Zhong San Nian berkata dengan suara rendah, “Bukan salahmu, malah ini masalahku sendiri...”
Ia menunduk merenung, mengungkapkan secara jujur, memang terasa kurang enak, tetapi di depan Jin Xi Rang tidak ingin bersembunyi sedikit pun, jarang menemukan seseorang yang tidak menyakitinya, tetap menjadi pengalaman berharga.
“Kondisi keuangan aku memang buruk, karena suatu alasan, aku masih menanggung utang tak terlihat, harga di sini sangat mahal, bagiku mungkin tak pernah bisa menyentuhnya.”
Matanya melirik ke sudut, bahkan secangkir teh di area istirahat saja sudah ratusan ribu.
Sedangkan... sewa rumah setahun saja beberapa juta.
“Bagimu tempat ini mungkin hanya standar konsumsi harian, tapi bagiku seperti dongeng, bahkan kalau aku merencanakan masa depan sebaik apapun, tetap tidak akan mampu belanja di sini.”

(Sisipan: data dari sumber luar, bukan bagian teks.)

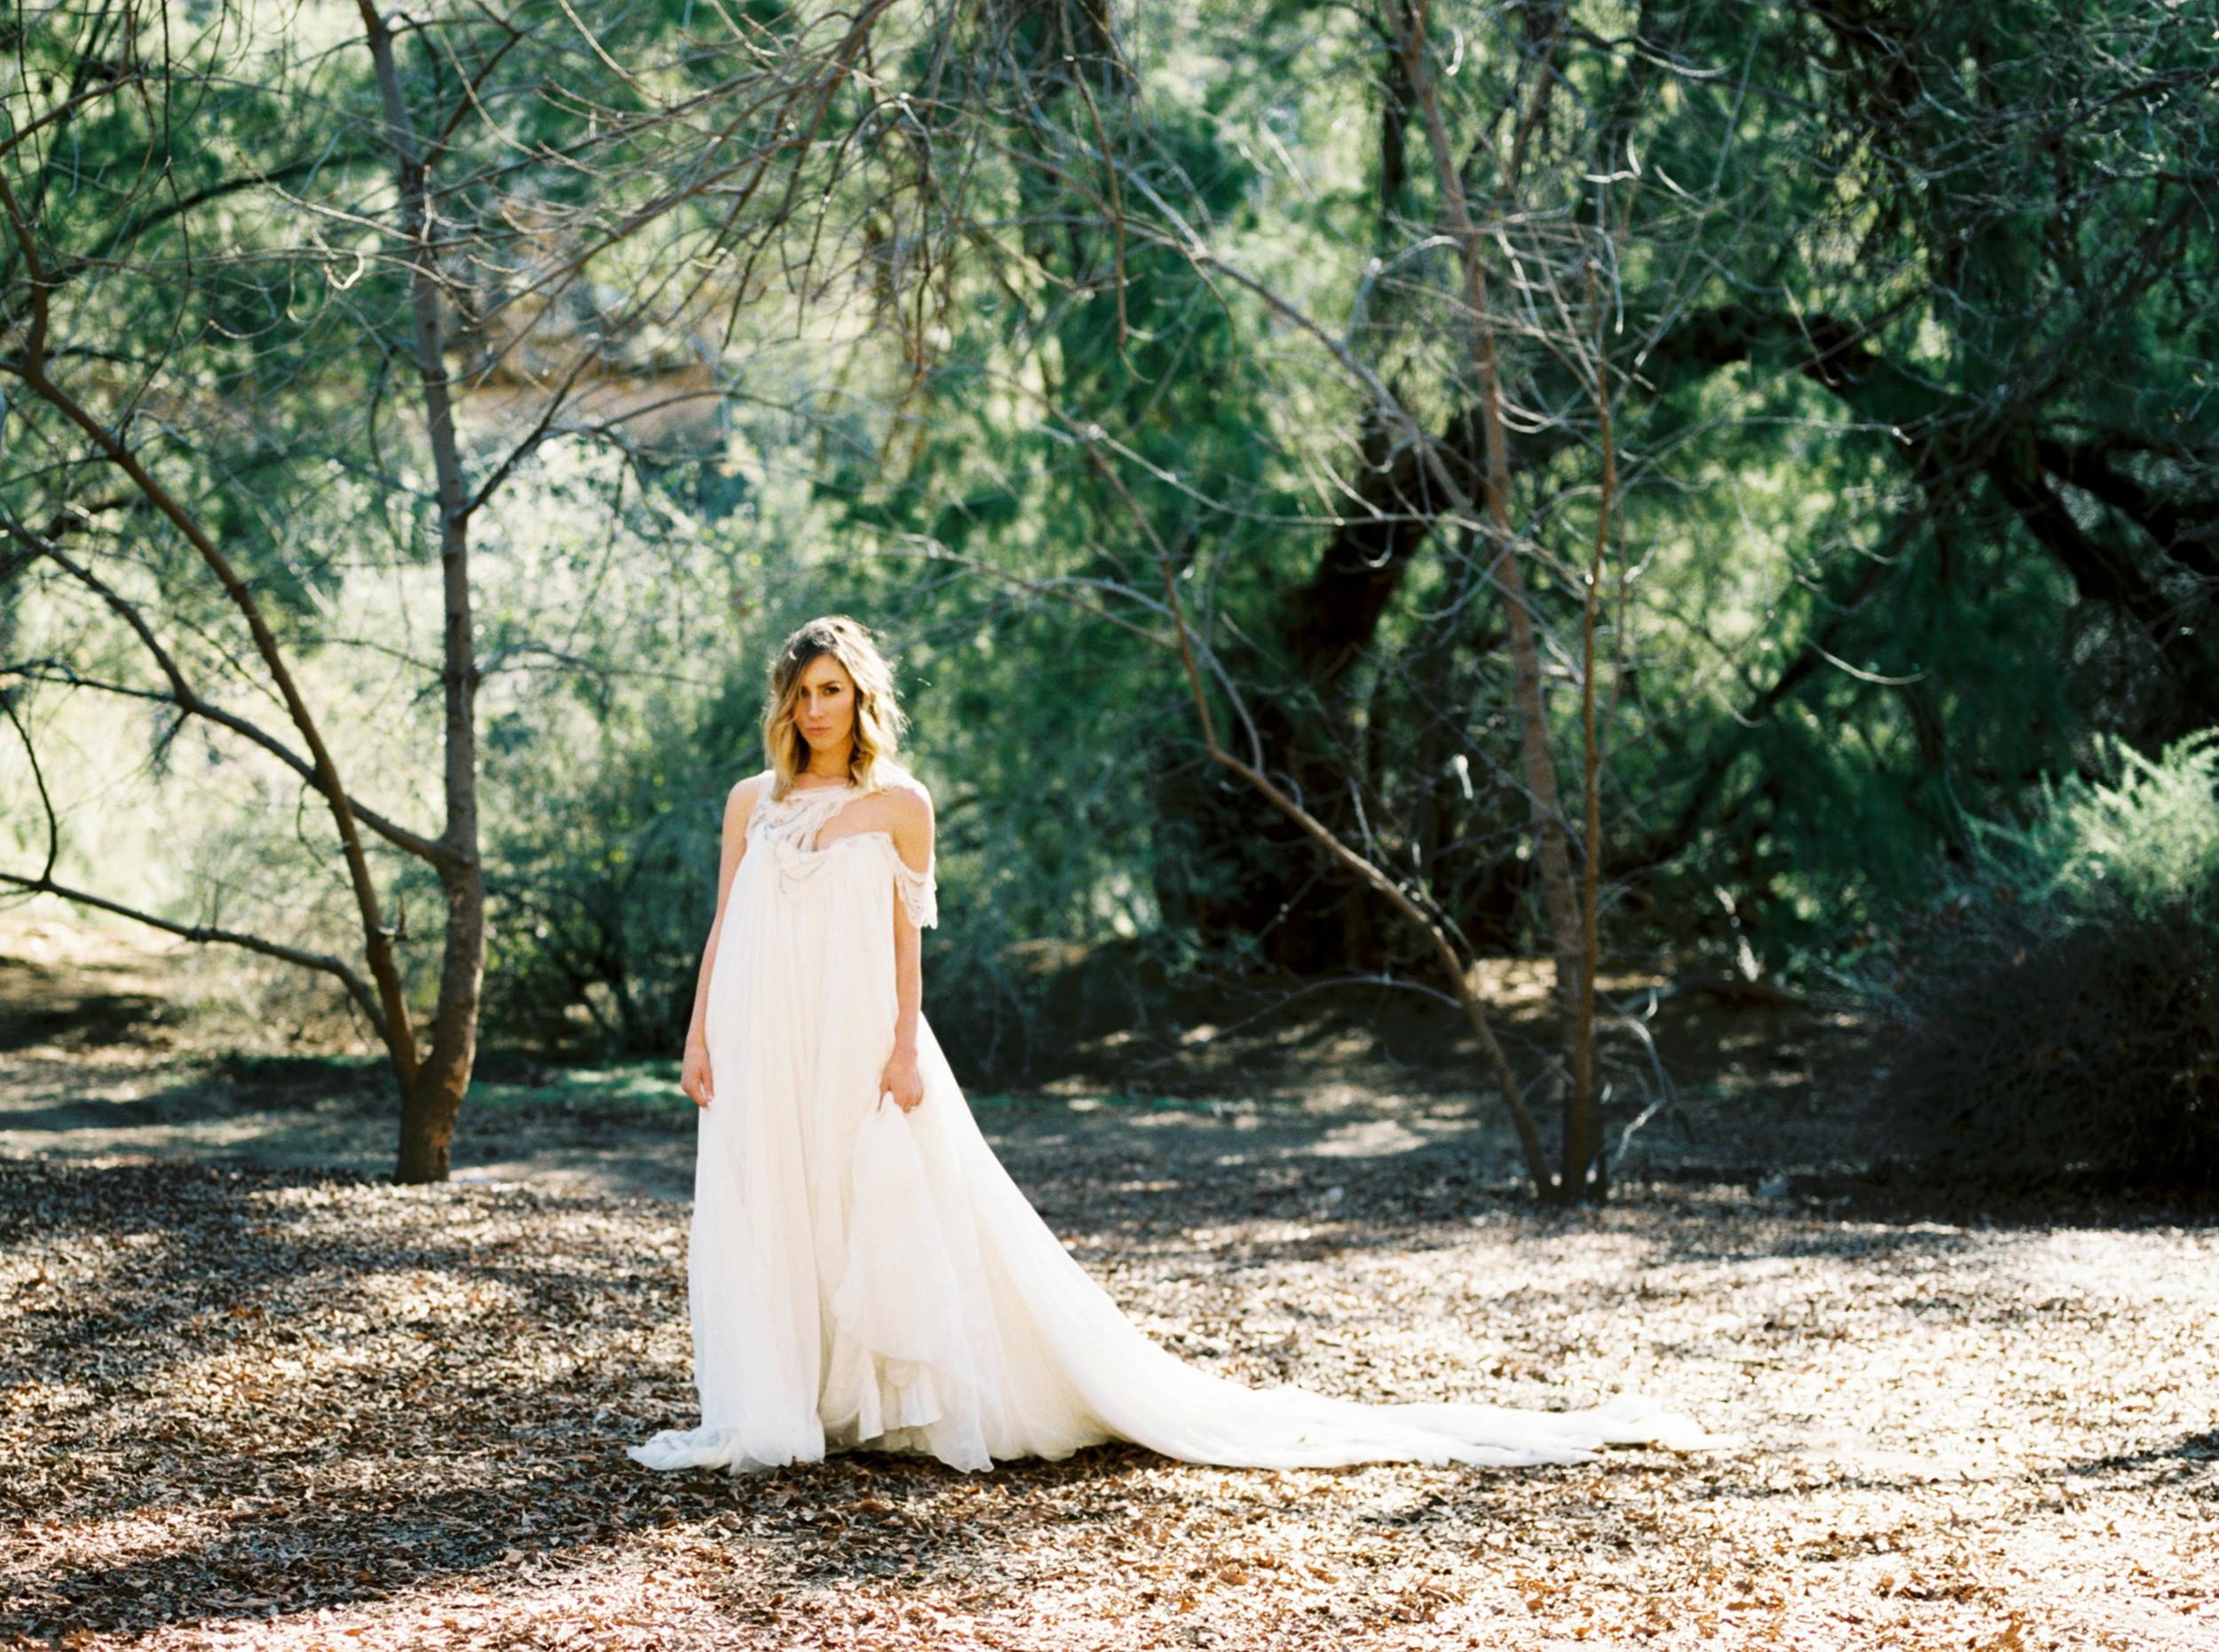 Danford-Photography-Bozeman-Montana-Arizona-Fine Art Film-Wedding-Engagement-Photographers-10.jpg
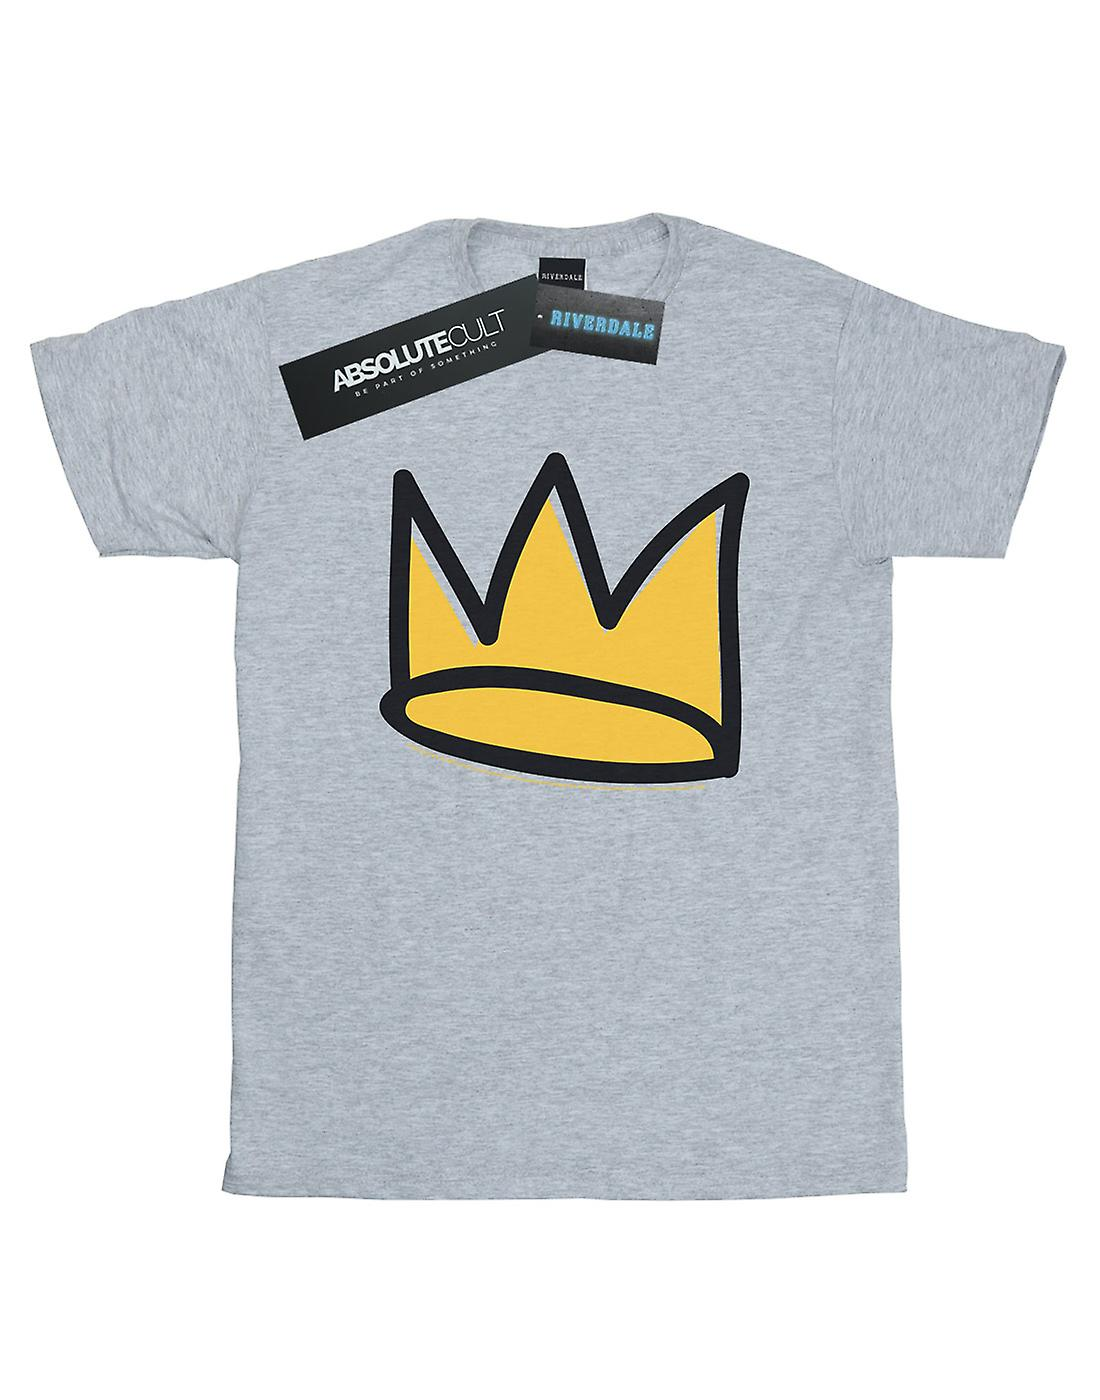 Riverdale Men's Jughead Hat T-Shirt

Jin Xi Rang mengangguk, tampak memahami, mendengarkan setiap kata dengan serius.
Zhong San Nian menoleh sambil tersenyum, “Tapi niatmu membelikan hadiah sudah aku terima, hadiahnya sendiri tidak usah, aku tidak sanggup menerimanya.”
“Baik.” Jin Xi Rang menyentuh rambut emasnya, “Aku tidak mengerti, yang penting kamu bahagia.”